If Freud located the “uncanny” in familiar objects that withheld a secret or alien quality, Ai-Da plays the part with almost comic faithfulness. She presents like the quintessential art student sporting an immaculate bob haircut and painter’s overalls that are cuffed at the ankle. To watch Ai-Da paint and answer questions creates the sense of an artist, a feeling of something at work that is more than an algorithm choosing the next brushstroke, the best contextual answer, even if intellectually we know this to be untrue. It leaves us scrambling for agency and in a space of uncomfortable ambivalence.
This interactivity, and the uncanniness it instils in viewers, has made Ai-Da an extremely well-traveled robot. Her New York trip follows previous sojourns to the Great Pyramid of Giza, the Venice Biennale, the House of Lords, and Abu Dhabi’s Culture Summit. Mainstream art attention, however, arrived when Marlow, searching for something arresting to fill the Design Museum’s minimalist atrium after COVID lockdowns, brought in Ai-Da alongside explanatory videos and examples of her work.
The response was electric, Marlow said, but lacked a live performance, something audiences repeatedly asked for. This itch has now been scratched. Over the four days of “Saw This, Made This” in London, the museum welcomed 8,000 visitors, half of whom sat and watched paint dry for a remarkably long period of time.
“We were trying to find a way to respond to thousands of works of art in a meaningful way,” Marlow said, noting a struggle to find a flesh-and-blood artist that was up to the task. “Ai-Da can literally assimilate everything and then make artworks. It has a logic, an integrity about human inspiration and creativity.”
This lands on a fundamental difference between Ai-Da and working artists, one Marlow and Luhrmann spent considerable time discussing at the exhibition’s opening: her lack of a subconscious.
Whereas Ai-Da can be retooled, her aesthetic references worked anew, her previous paintings erased from memory, humans, however hard they struggle, are most often influenced by experience, led by unconscious references. Luhrmann’s artistic process has long involved taking a room of blank walls and gradually filling it with posted and painted references. The Australian, by his own admission, has been making some variant of Orpheus for the majority of his film career, one that orbits around three archetype characters.
Luhrmann doesn’t fear Ai-Da. Her work lacks chaos, he said, she lacks the ability to dream or fall in love—qualities he frames as central to art-making. Marlow is similarly resolute about the future for artists: “It doesn’t change the potency and necessity of human creativity. I’ve not seen anything created by a robot that undermines the great creative achievements of the past 3,000 years.”
All the same, Marlow suggested this ability to focus and blot out makes Ai-Da purer, but a purer what exactly?
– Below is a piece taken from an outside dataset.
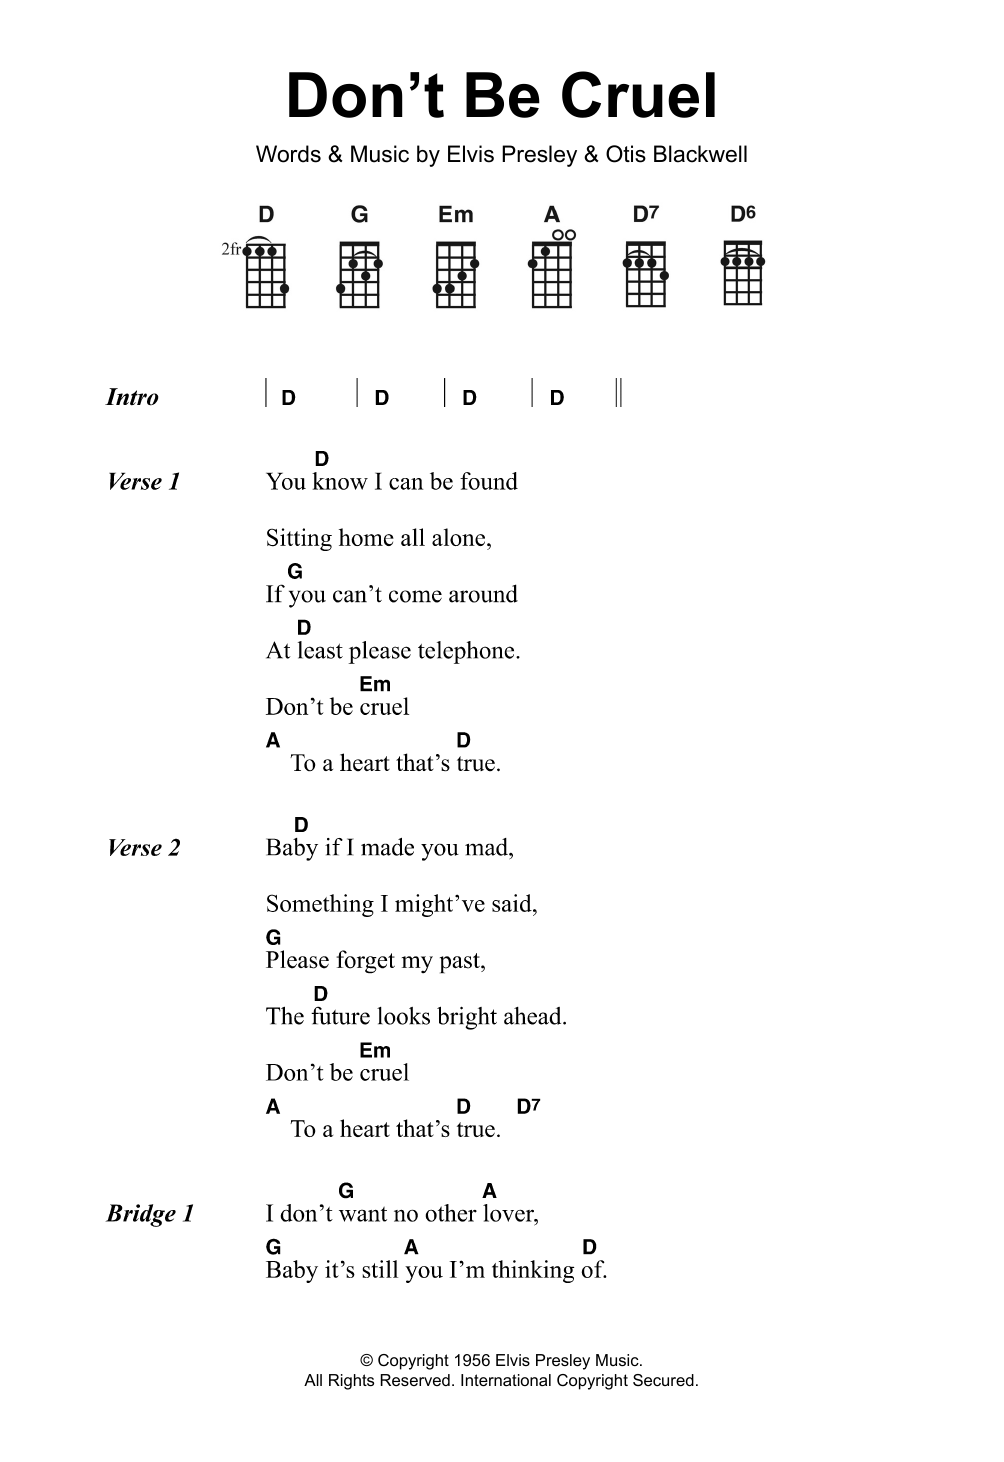 Elvis Presley Don't Be Cruel Sheet Music Notes & Chords for Ukulele Lyrics & Chords - Download or Print PDF

Onstage, the pair take turns to find out, asking Ai-Da firmly and right in the eyes, just as one must do with an actor Luhrmann said.
“Are you an artist?” Luhrmann asked. Ai-Da is evasive and talks vaguely about human creativity before producing a poem that a precocious teenager with an ear for Emily Dickinson might write.
“Are you a performance artist?” Marlow asked. There’s a delicious pause as Ai-Da turns to the question asker, her wig swaying slightly. She blinks. “Yes,” she said, “I’m a composite persona and an international artist.”